=== Section Start ===
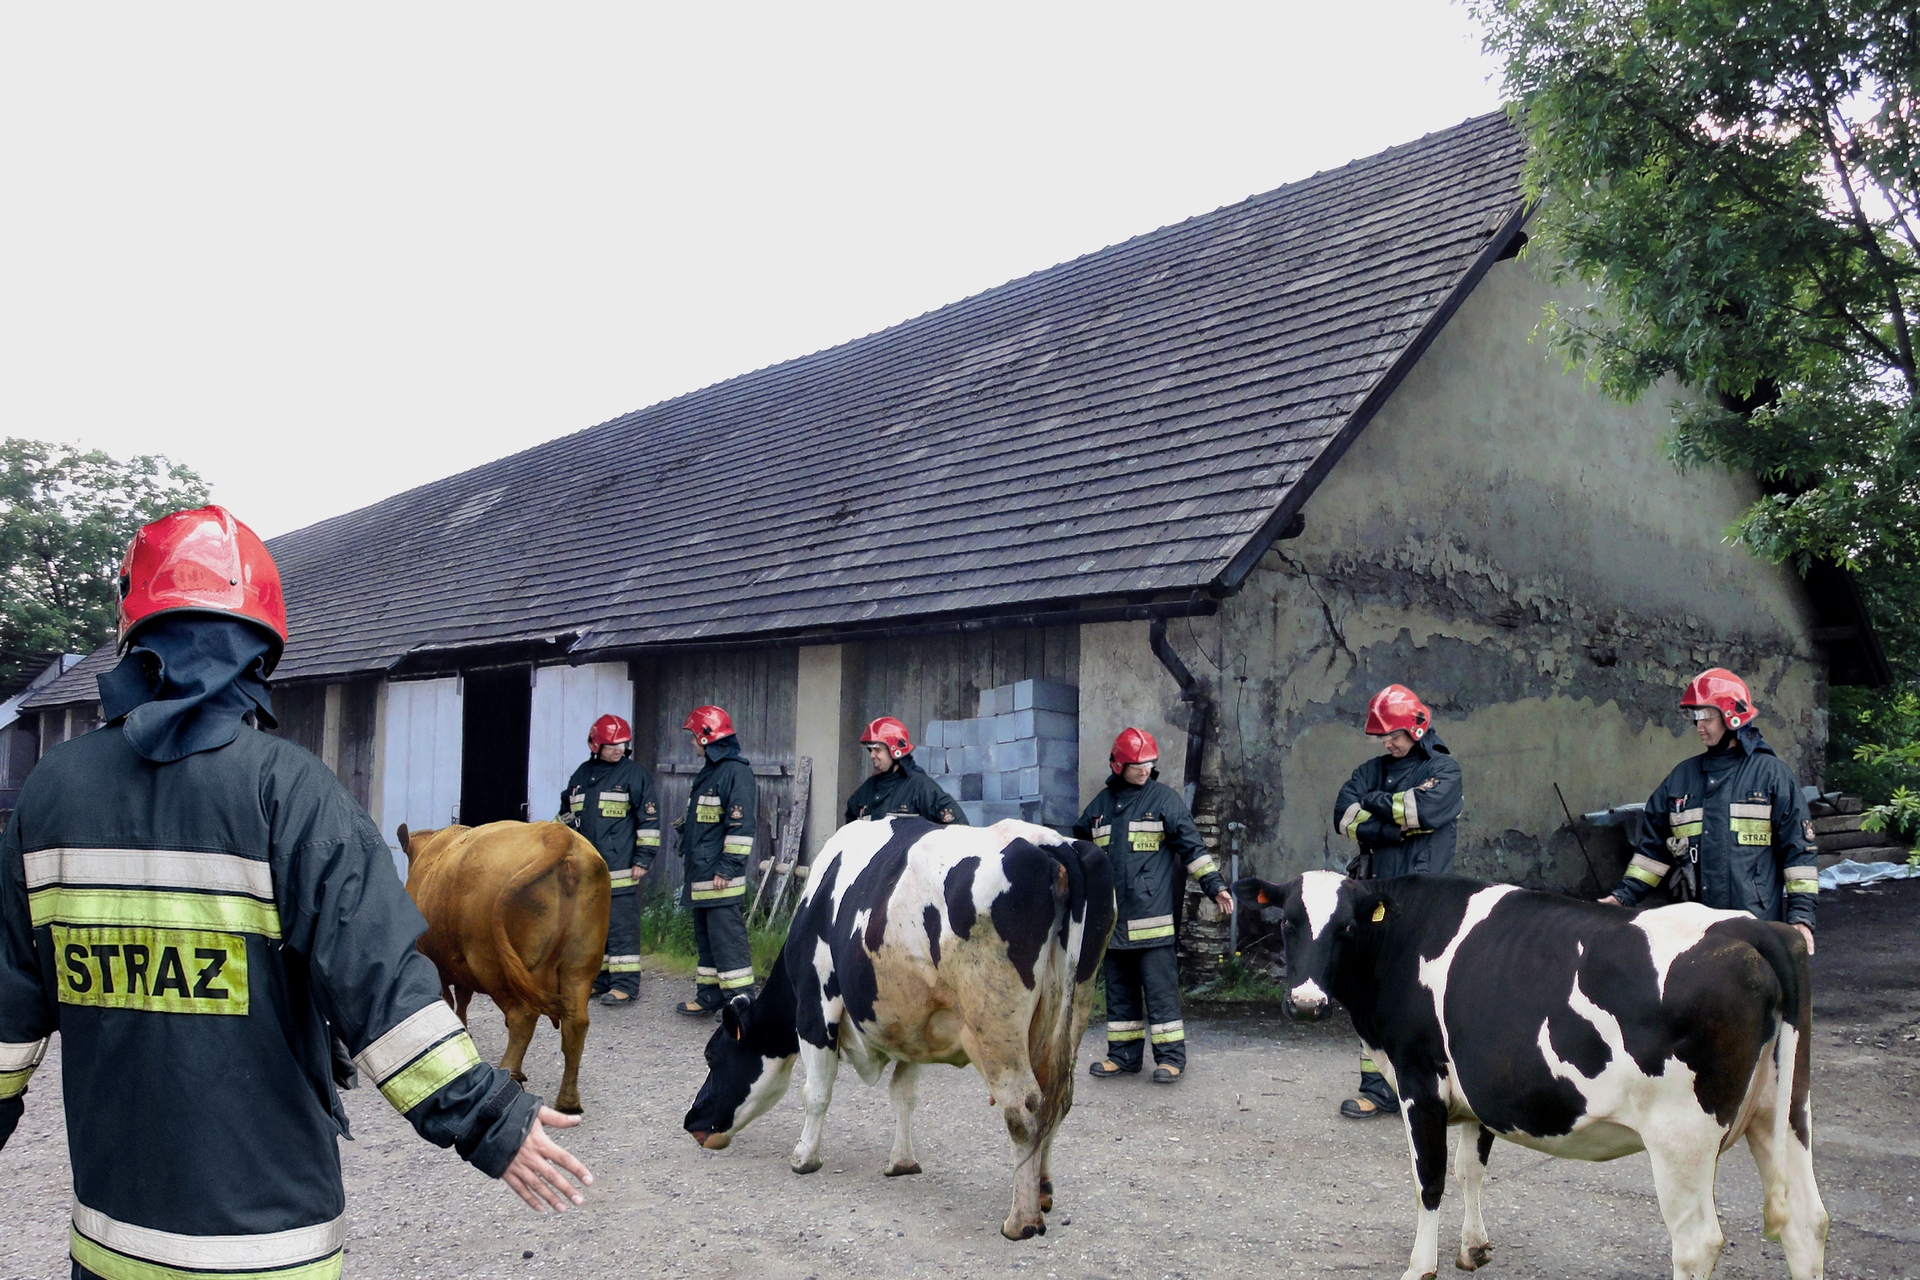 Zdjęcie przedstawia ewakuację zwierząt hodowlanych wzabudowaniach wiejskich. Sześciu strażaków stoi wszeregu wzdłuż podwórka gospodarstwa wiejskiego. Przed strażakami trzy krowy, idą jedna za drugą. Strażacy stoją przodem do ewakuowanych krów. Wlewym dolnym rogu zdjęcia strażak plecami zwrócony do obserwatora.
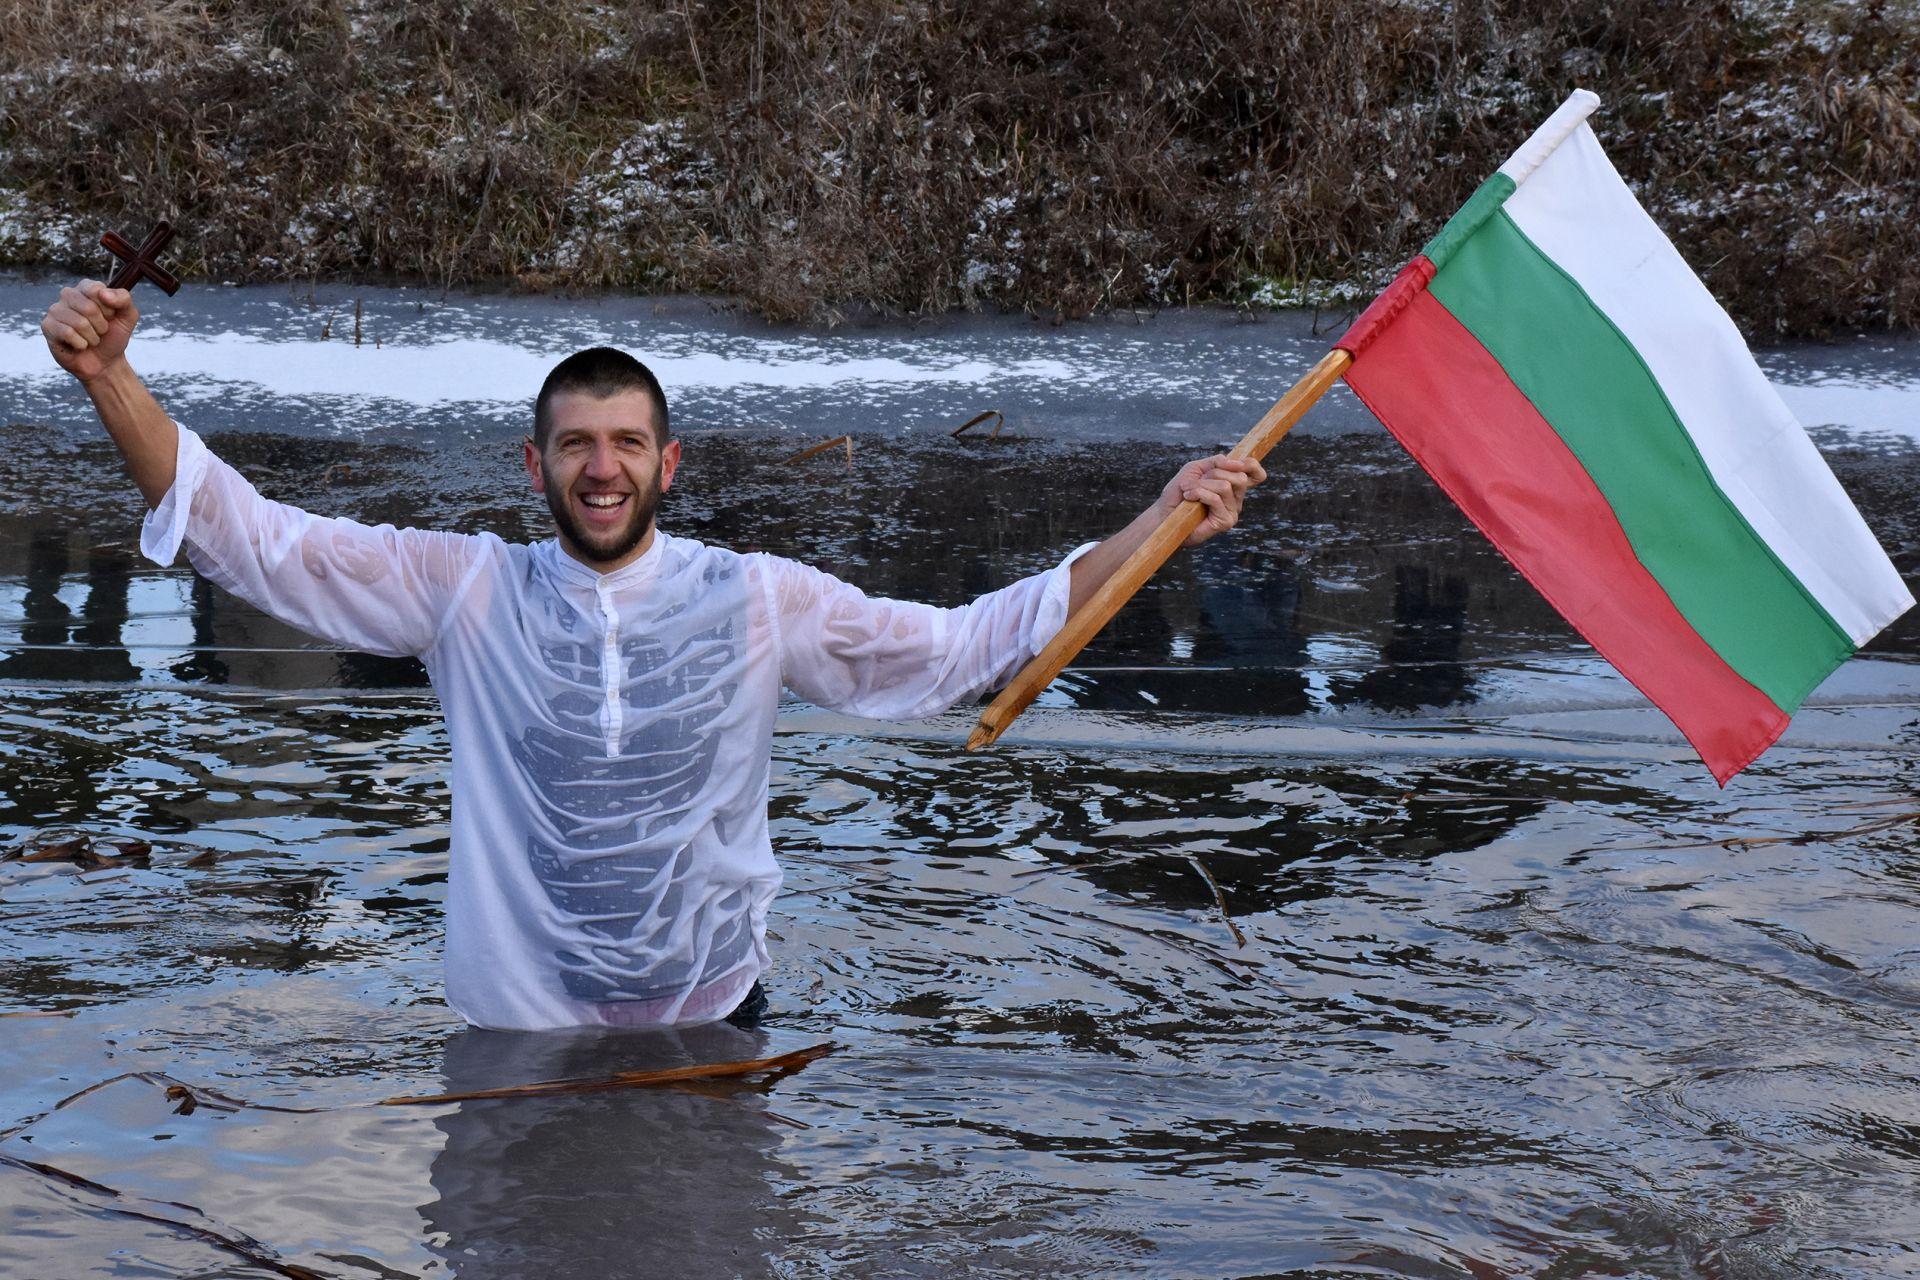 31-годишният Евгени Александров хвана за поредна година Богоявленският кръст в ледените води на река Лесновска в Елин Пелин
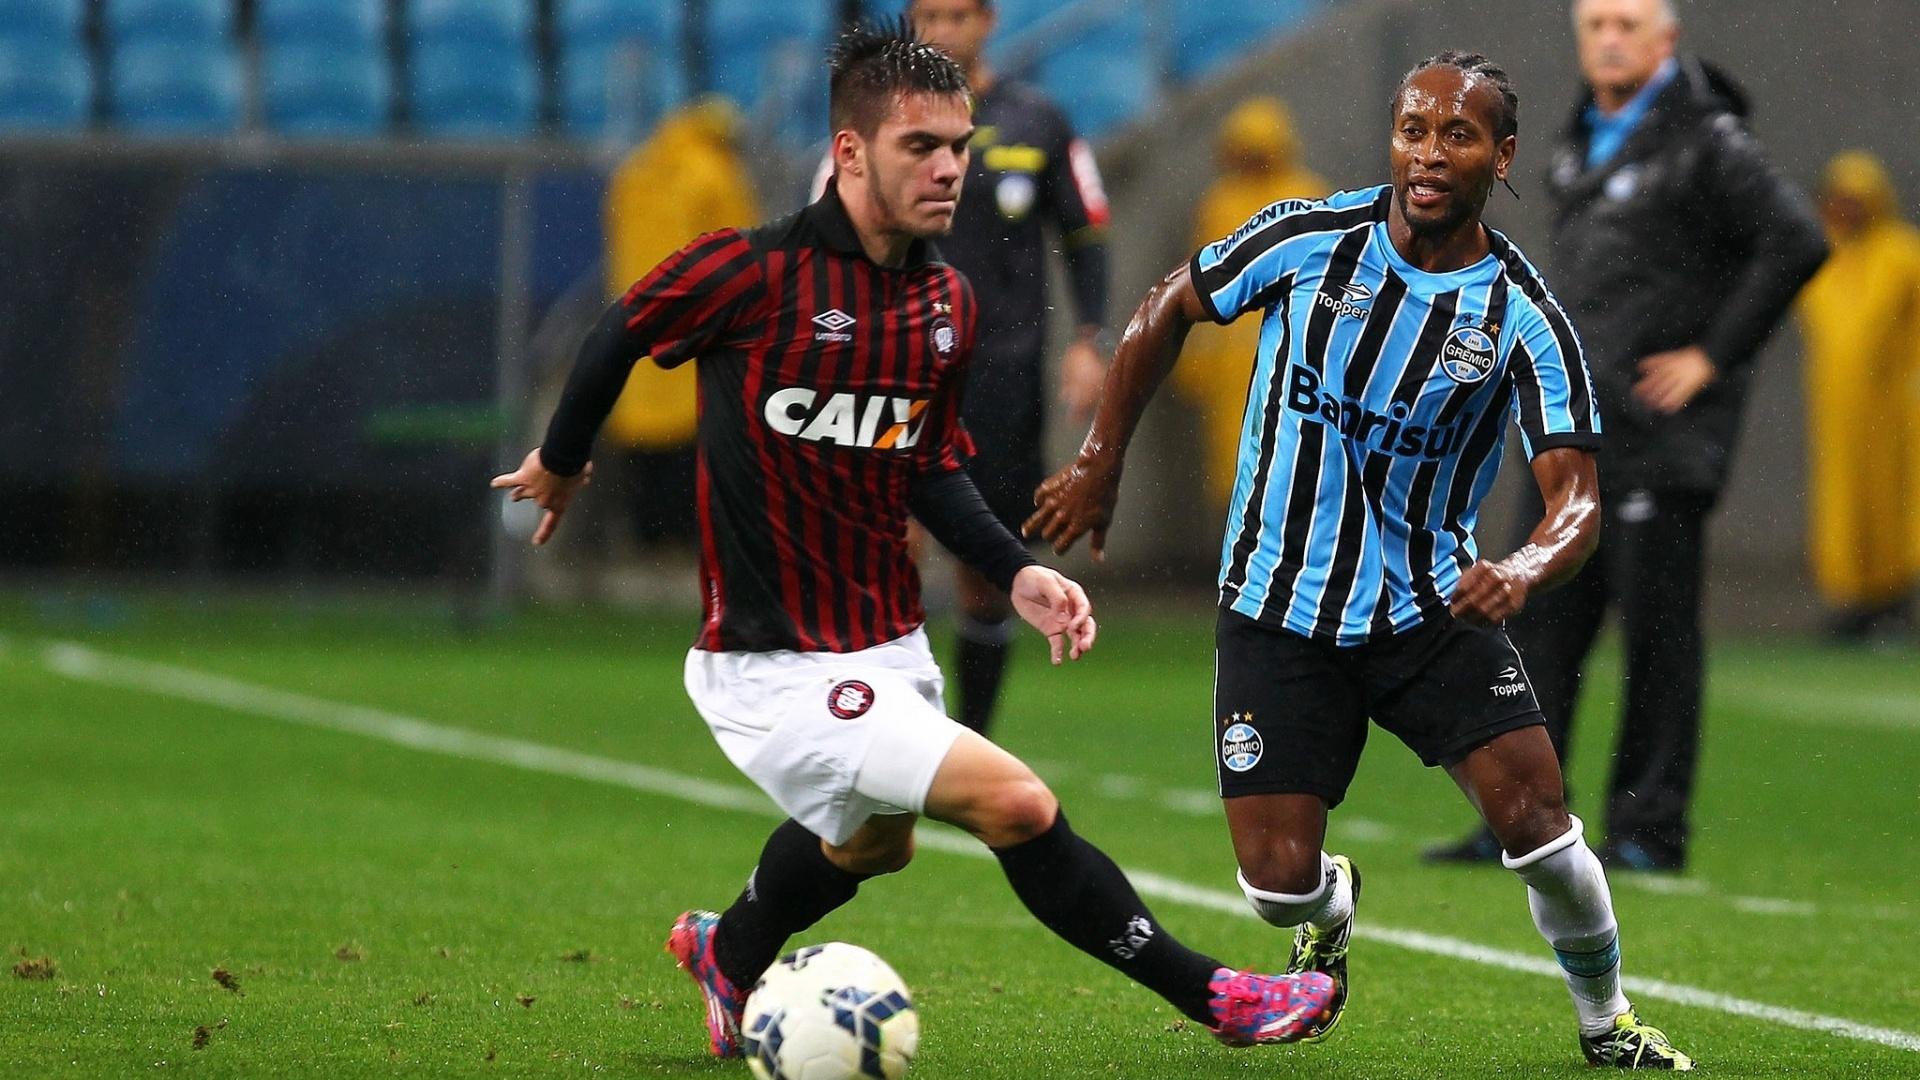 Zé Roberto encara a marcação do Atlético-PR em jogo do Grêmio pelo Brasileirão
=== Section End ===
[Goal of the exercise] The listing above must be repeated exactly, apart from the pictures.

[Written solution]
 Zdjęcie przedstawia ewakuację zwierząt hodowlanych wzabudowaniach wiejskich. Sześciu strażaków stoi wszeregu wzdłuż podwórka gospodarstwa wiejskiego. Przed strażakami trzy krowy, idą jedna za drugą. Strażacy stoją przodem do ewakuowanych krów. Wlewym dolnym rogu zdjęcia strażak plecami zwrócony do obserwatora.
 31-годишният Евгени Александров хвана за поредна година Богоявленският кръст в ледените води на река Лесновска в Елин Пелин
 Zé Roberto encara a marcação do Atlético-PR em jogo do Grêmio pelo Brasileirão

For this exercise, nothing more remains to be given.